The colonies gradually developed more forgiving laws on debt, recognizing that owing money could be the result of bad luck rather than evidence of fraud or indolence. "crops fail, prices fall, ships sink, warehouses burn, owners die, partners steal, pirates pillage, wars ravage, and people simply make mistakes," wrote Bruce Mann in his 2002 book Republic of Debtors. "Failure was the down side of entrepreneurial risk. This made failure the potential common fate of all merchants."...

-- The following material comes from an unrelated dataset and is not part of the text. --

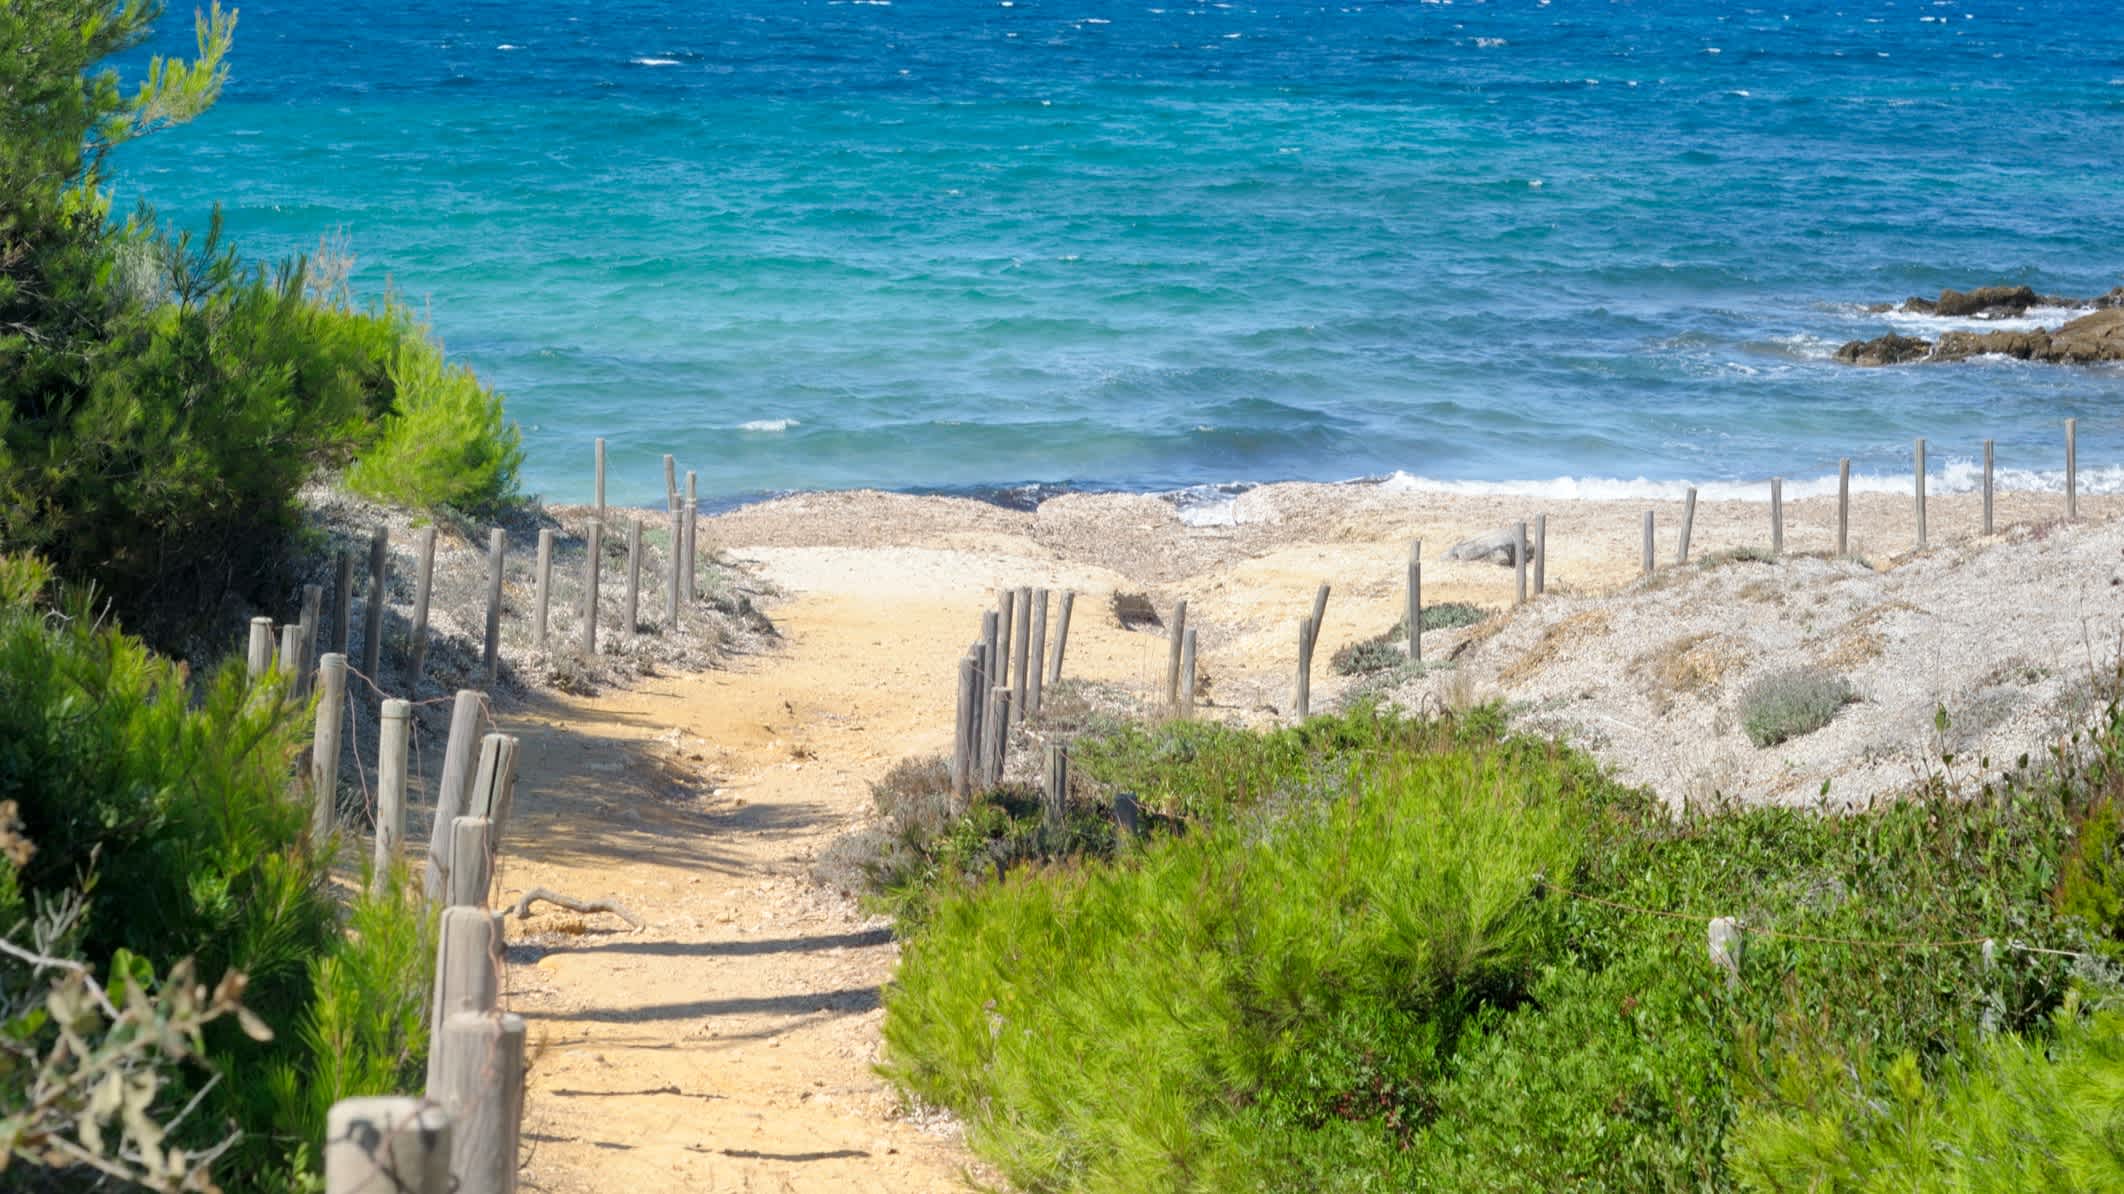 Sentier de sable bordé de végétation menant sur la petite plage sur l'île de Porquerolles, Côte d'Azur, France

Colonial lawmakers began taking a more charitable view toward debtors, but they were likelier to excuse a rich defaulter than a poor one ...Indeed, when some large speculative financial schemes collapsed after the Revolutionary War, many wealthy men were suddenly bankrupt. One of them, Robert Morris who had signed the Declaration of Independence and provided critical financing for the war, lost his fortune speculating on land. Sentenced to debtors' prison in Philadelphia, Morris rented a best room in the jail and outfitted it with a settee, writing desks, and bed, an trunk of clothes and other comforts of home.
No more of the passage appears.